Moorish-Style Salad with Cumin and Smoked Paprika (Ensalada Morisca)

Moorish-Style Salad with Cumin and Smoked Paprika (Ensalada Morisca) Recipe
Becky Luigart-Stayner
Cumin is a Moorish legacy brought to Spain from North Africa. Prepare and refrigerate the dressing a day ahead.

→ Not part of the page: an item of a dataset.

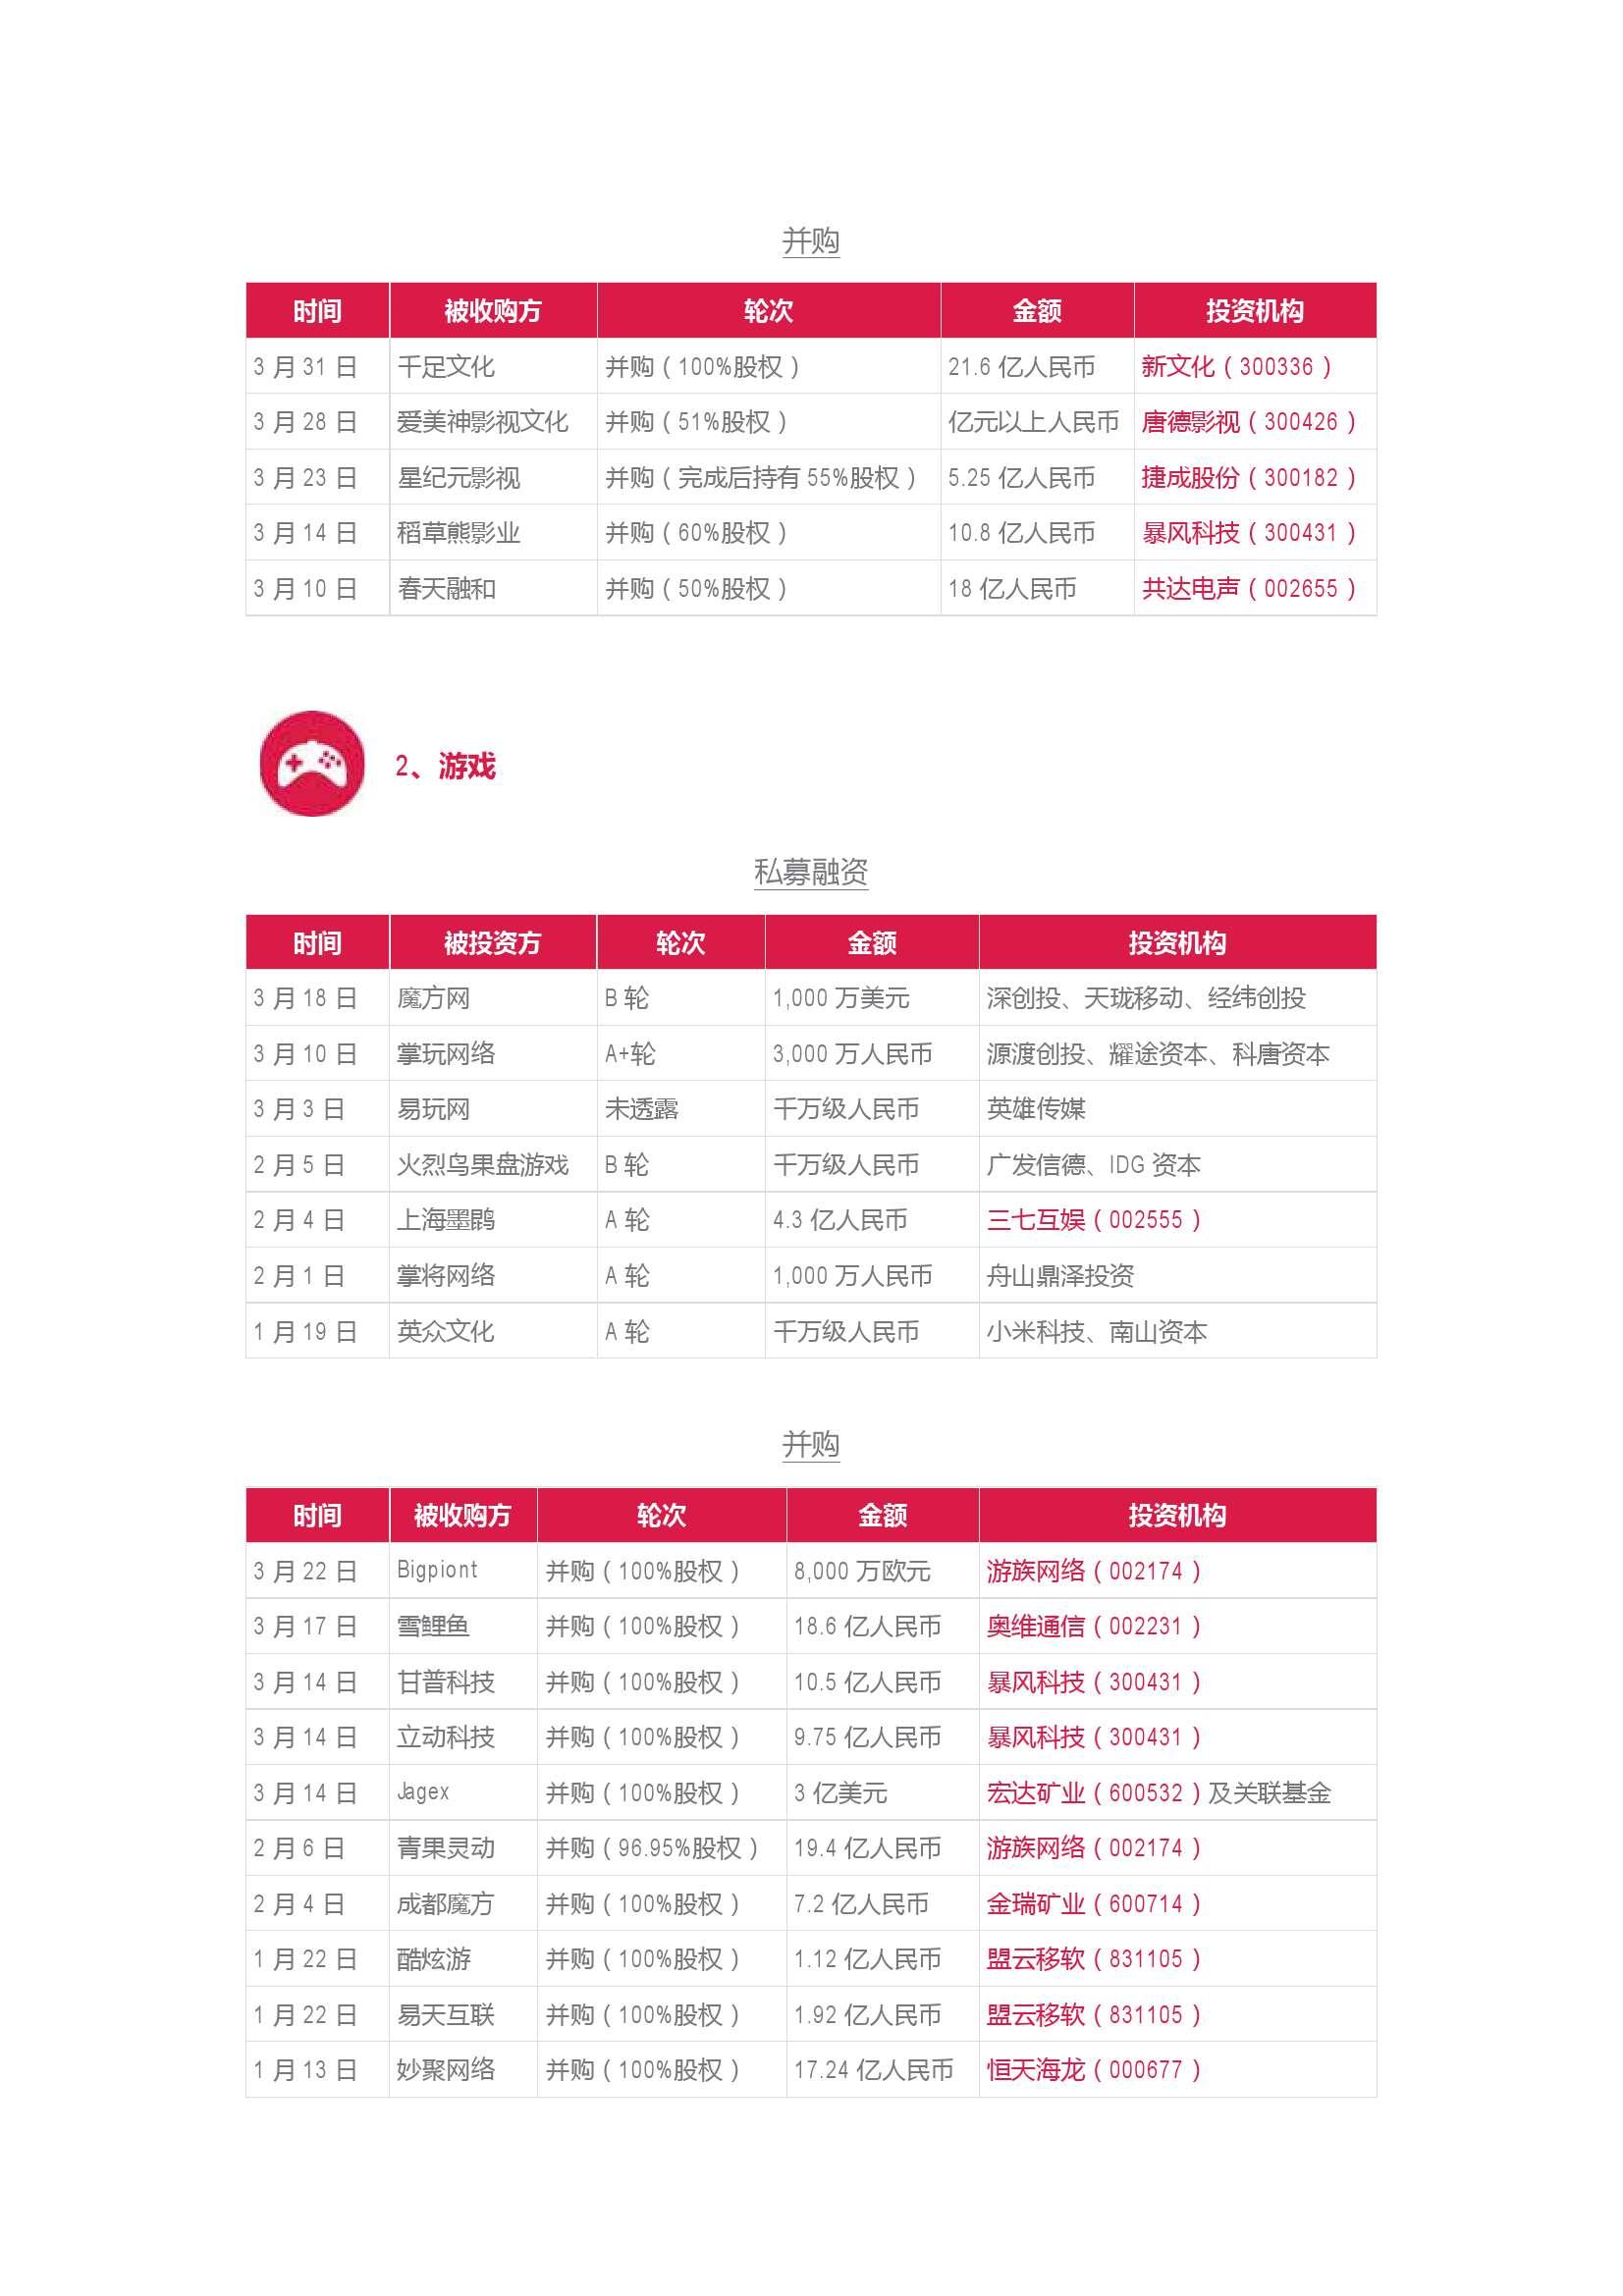 2016Q1中国娱乐产业季度观察_000011

Toss with greens, onions, and tomatoes just before serving.

Yield:

6 servings (serving size: 1 1/3 cups)

Recipe from

Cooking Light

Nutritional Information

Calories 65
Caloriesfromfat 44 %
Fat 3.4 g
Satfat 0.6 g
Monofat 2.1 g
Polyfat 0.5 g
Protein 3.5 g
Carbohydrate 6.1 g
Fiber 2.3 g
Cholesterol 6 mg
Iron 1.2 mg
Sodium 292 mg
Calcium 54 mg

Ingredients

Dressing:
1 1/2 tablespoons minced fresh parsley
1 teaspoon chopped canned anchovy fillets
1/2 teaspoon cumin seeds
1/4 teaspoon Spanish smoked sweet paprika
3 garlic cloves, minced
3 tablespoons white wine vinegar
1 tablespoon extravirgin olive oil
Salad:
6 cups torn escarole
2 cups halved cherry tomatoes
1/2 cup vertically sliced red onion

Preparation

To prepare dressing, combine first 5 ingredients in a mortar or small bowl; grind with a pestle until mixture forms a smooth paste. Add vinegar and oil; stir with a whisk.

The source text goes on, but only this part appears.